*DIRECTIONS*: A verbatim restatement of the data, free of pictures, is what you should output.

(Beginning of DATA PROVIDED)

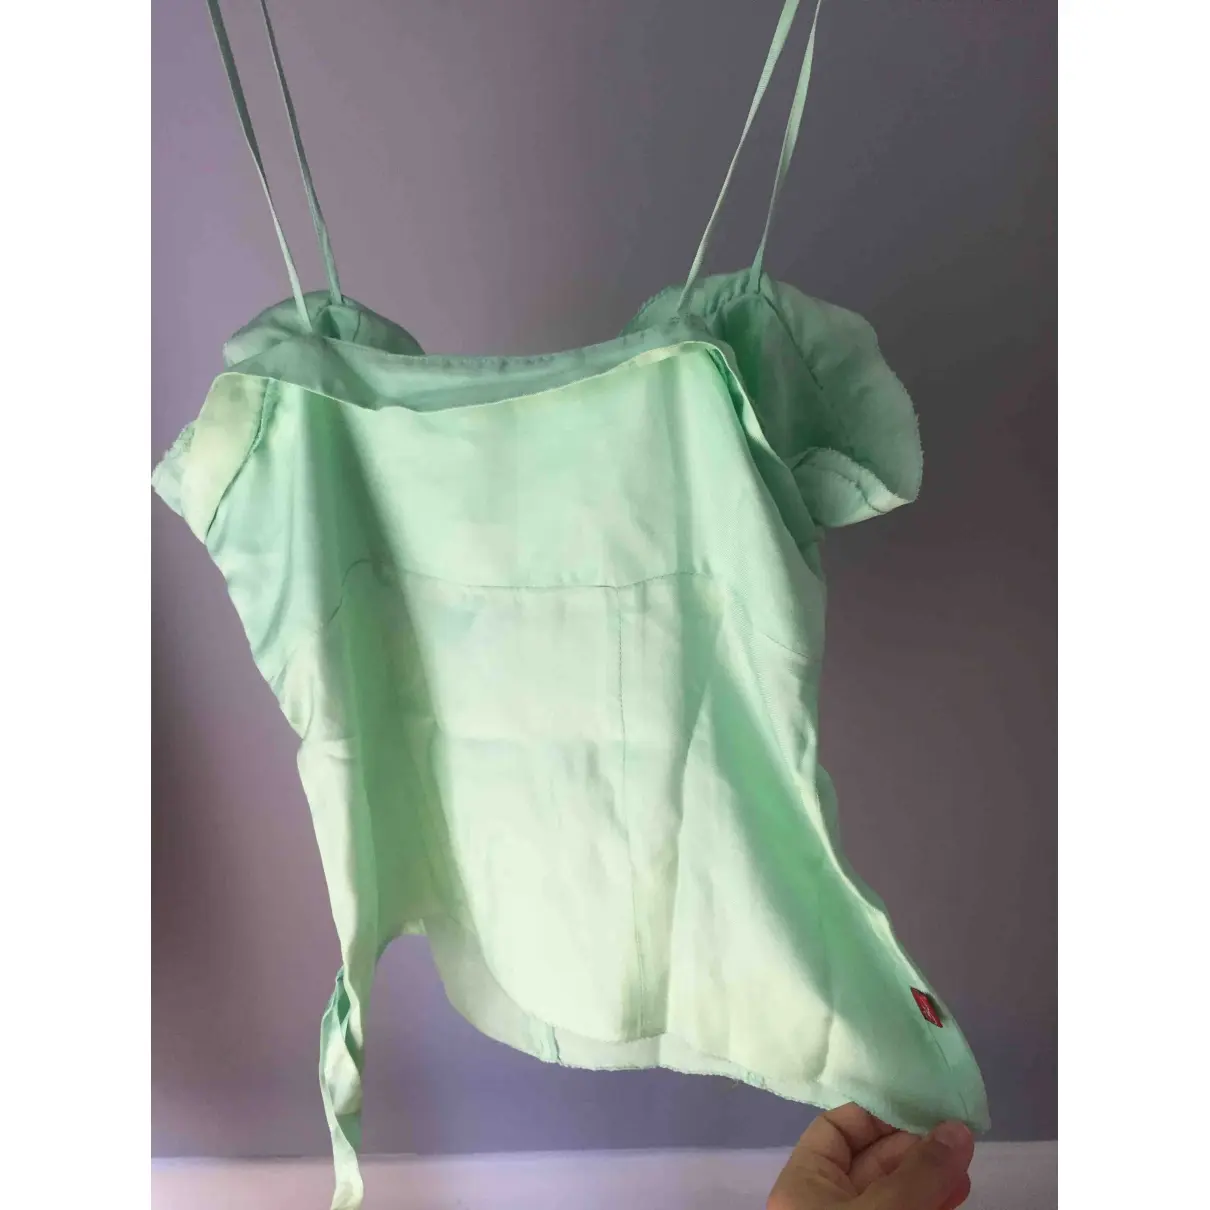 Buy Christian Lacroix Silk camisole online - Vintage
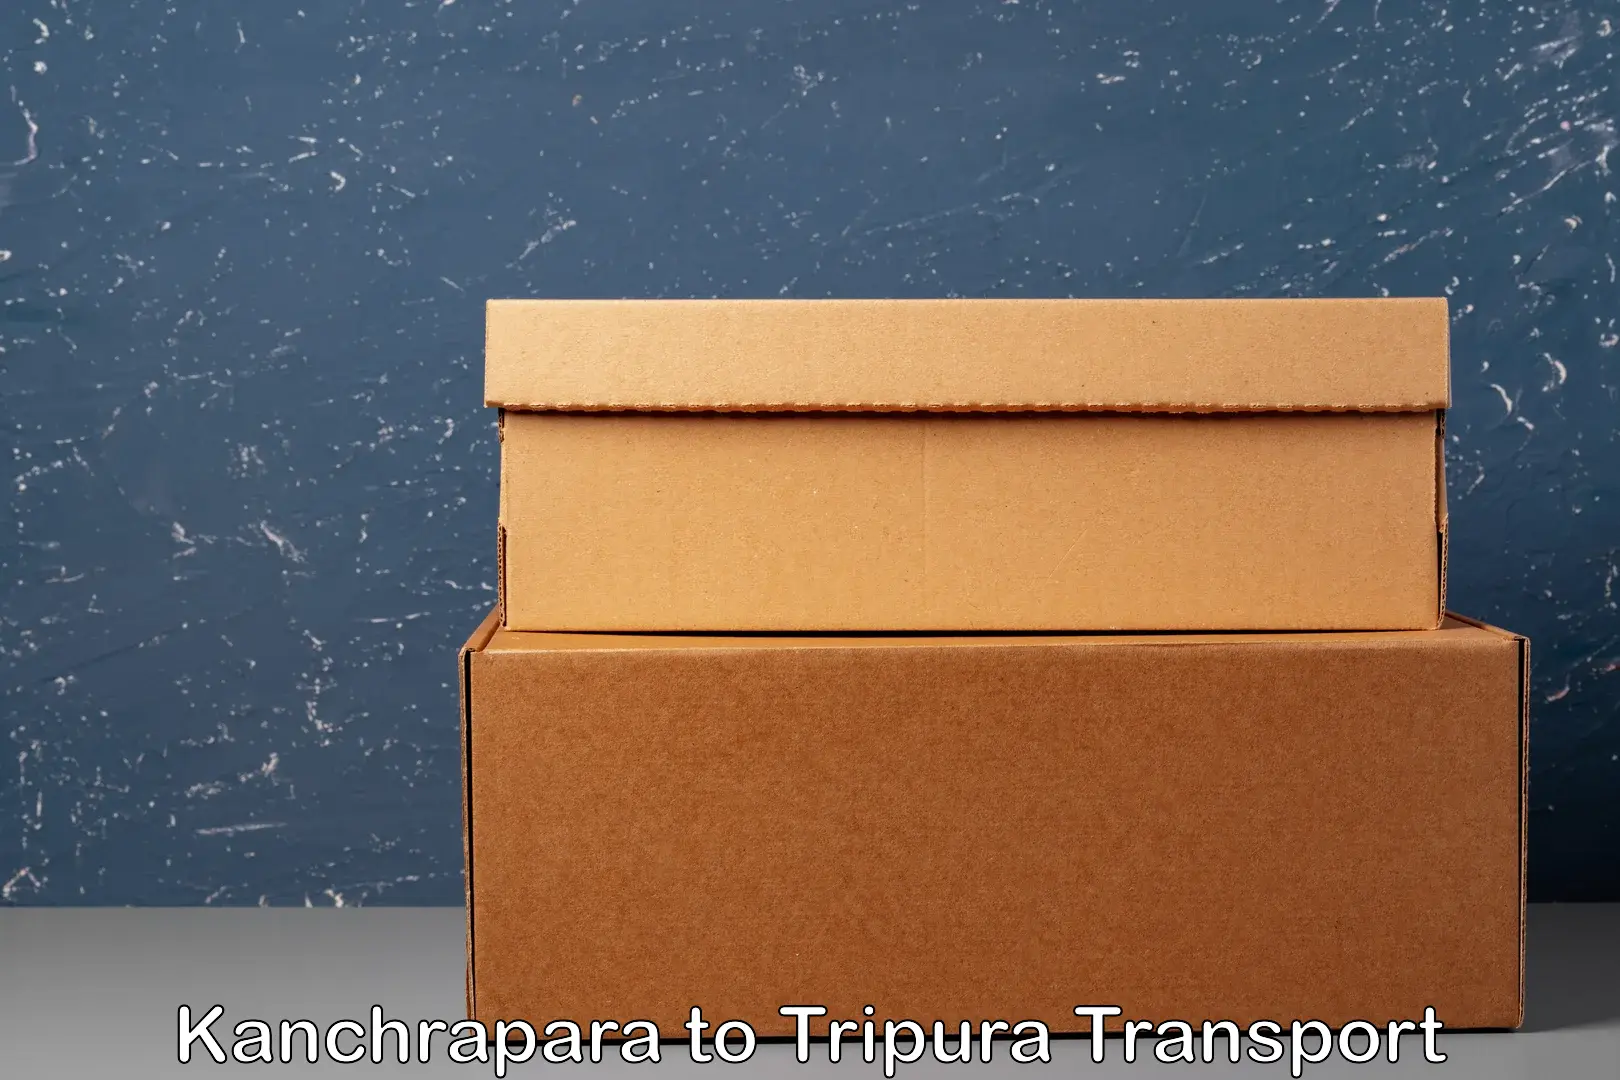 Furniture transport service Kanchrapara to Manughat
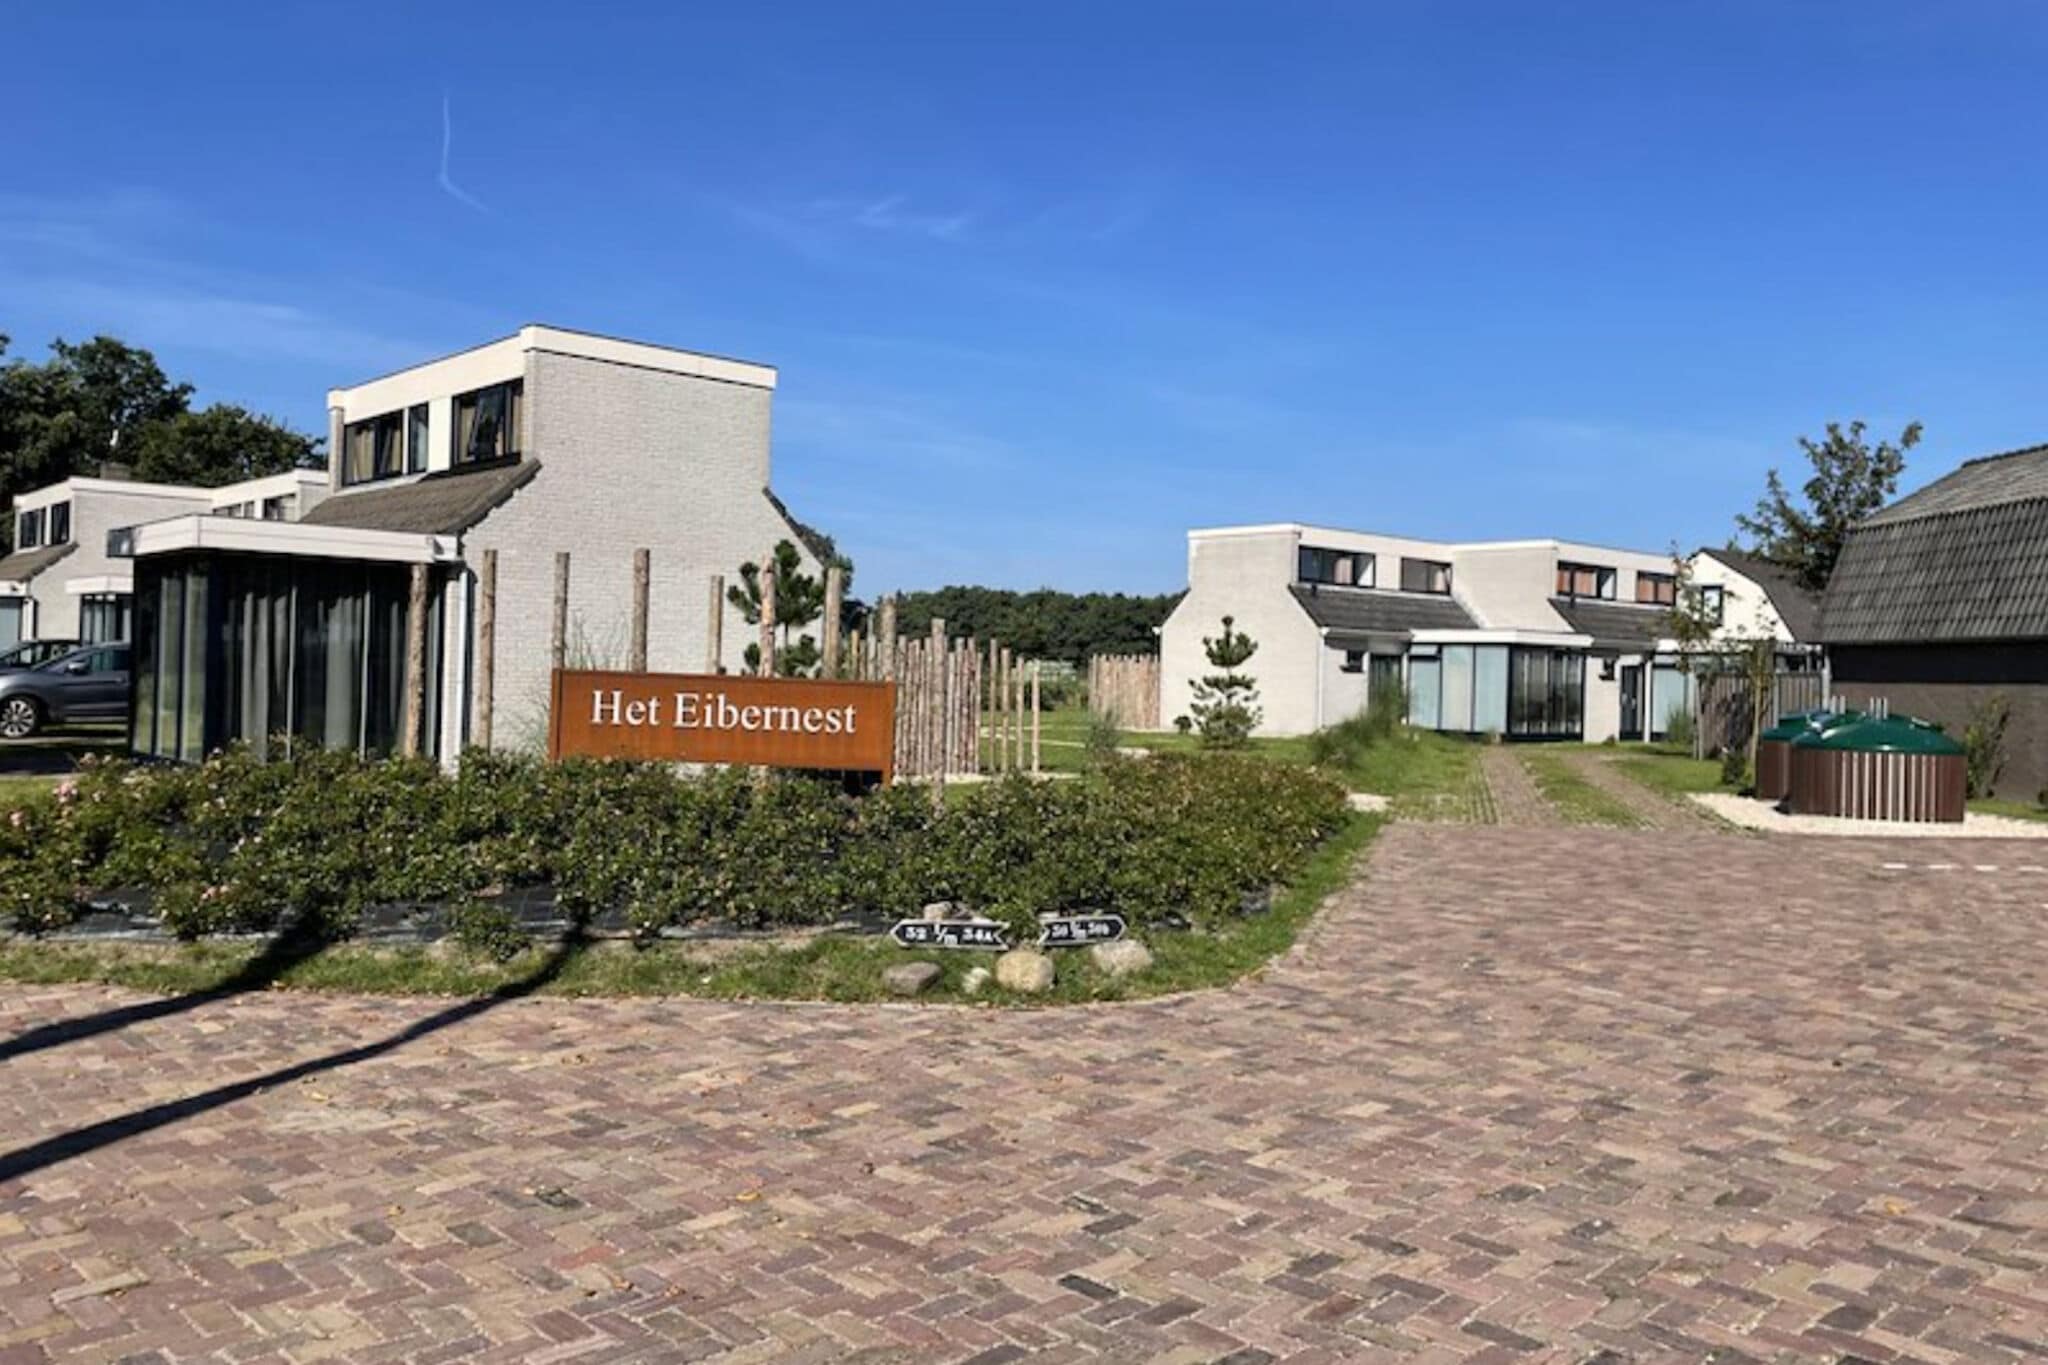 Gezellig huis met vrij uitzicht, gelegen op Texel

(End of DATA PROVIDED)

*EXPECTED ANSWER*:
 Buy Christian Lacroix Silk camisole online - Vintage
 Furniture transport service Kanchrapara to Manughat
 Gezellig huis met vrij uitzicht, gelegen op Texel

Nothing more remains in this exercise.